Smith and Lewis experienced the pain Teamhouse is now trying to fix themselves, building prototypes with Notion and Trello, but kept hitting a wall. Nothing they could find had granular permissioning (to stop junior staff seeing sensitive data), for example.
After the three left Ori, they decided to tackle the problem head on, founding Teamhouse late last year.
Progress so far
Teamhouse kicked off with experimental development as they looked for the right product-market fit.
Smith says they have developed prototypes based around expenses and knowledge management, and built an MVP focused on policy management which they shipped to five companies for feedback.

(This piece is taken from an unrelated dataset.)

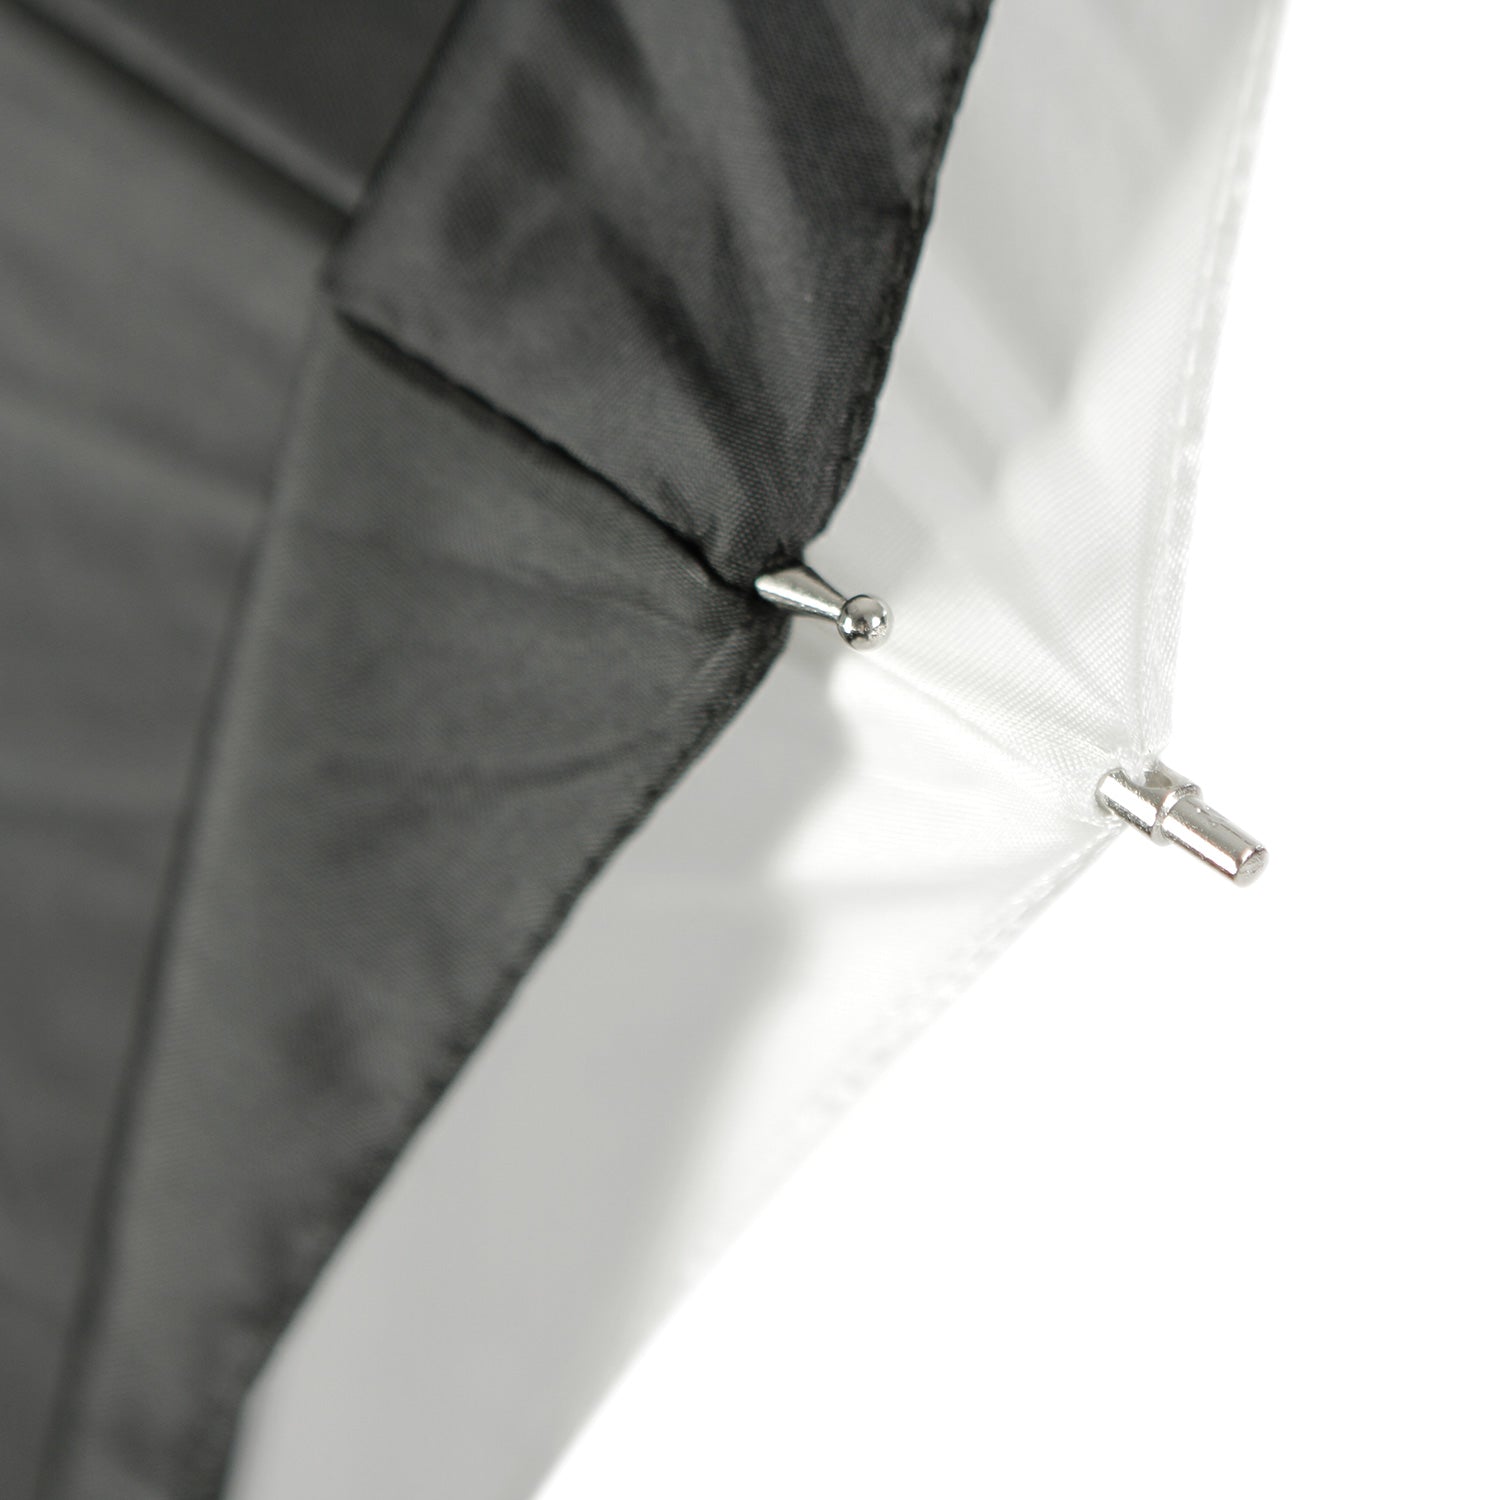 Convertible Umbrella - Optical White Satin with Removable Black Cover

They’re now developing an MVP that uses generative AI to help handle inbound queries and requests from employees. This is targeted for launch at the end of June.
This GIF offers a preview of the MVP and how the generative AI works inside Slack 👇
“Ultimately, employee requests are the start of so many of these workflows. So we're building something that ingests all of your employee policies and your handbook. And then employees can ask questions in Slack without the need for human intervention,” says Smith.
“Where we want to start with our workflow automation platform is the workflows that we know are the most manual, that cause the most friction… which is around onboarding and policy management,” says Lewis.
“There are no tools that integrate policy management into the workflows and the systems of record, and into the places where employees work. Employees want to communicate and work out of Slack.
“That's really what our proofs-of-concept were proving. So we're going to start by building the first stage of our workflow builder, focusing on those two or three use cases.”
Beyond using generative A.I. to free HR staff from tedious staff queries, Teamhouse believes this rapidly developing field of tech will provide them with other opportunities. This could include generating the policies themselves
“Having been operators, Paul and I know that there are only so many ways you can run an onboarding or a benefits request flow, or a payroll. They're incredibly compliant workflows that have to have certain steps,” explains Lewis.
“So we can start to generate these policies for companies based on the size and their needs. And we can look at them and suggest things, and they can configure them. Templates don't work very well in this space, because people get overwhelmed.”
Another use case for generative AI could be to suggest the broader workflows they need and help them build them from scratch.
“Things like Airtable and workflow automation software have a low barrier to entry, but actually a very high ceiling to sophistication,” says Lewis.
“You have to become really embedded and knowledgeable about the tool in order to build the application you need… Given that we are addressing non-technical users [we want to] understand if we can suggest workflows and just allow them to customise them, rather than overwhelming them with this agnostic tool that they have to build software in, essentially, themselves.”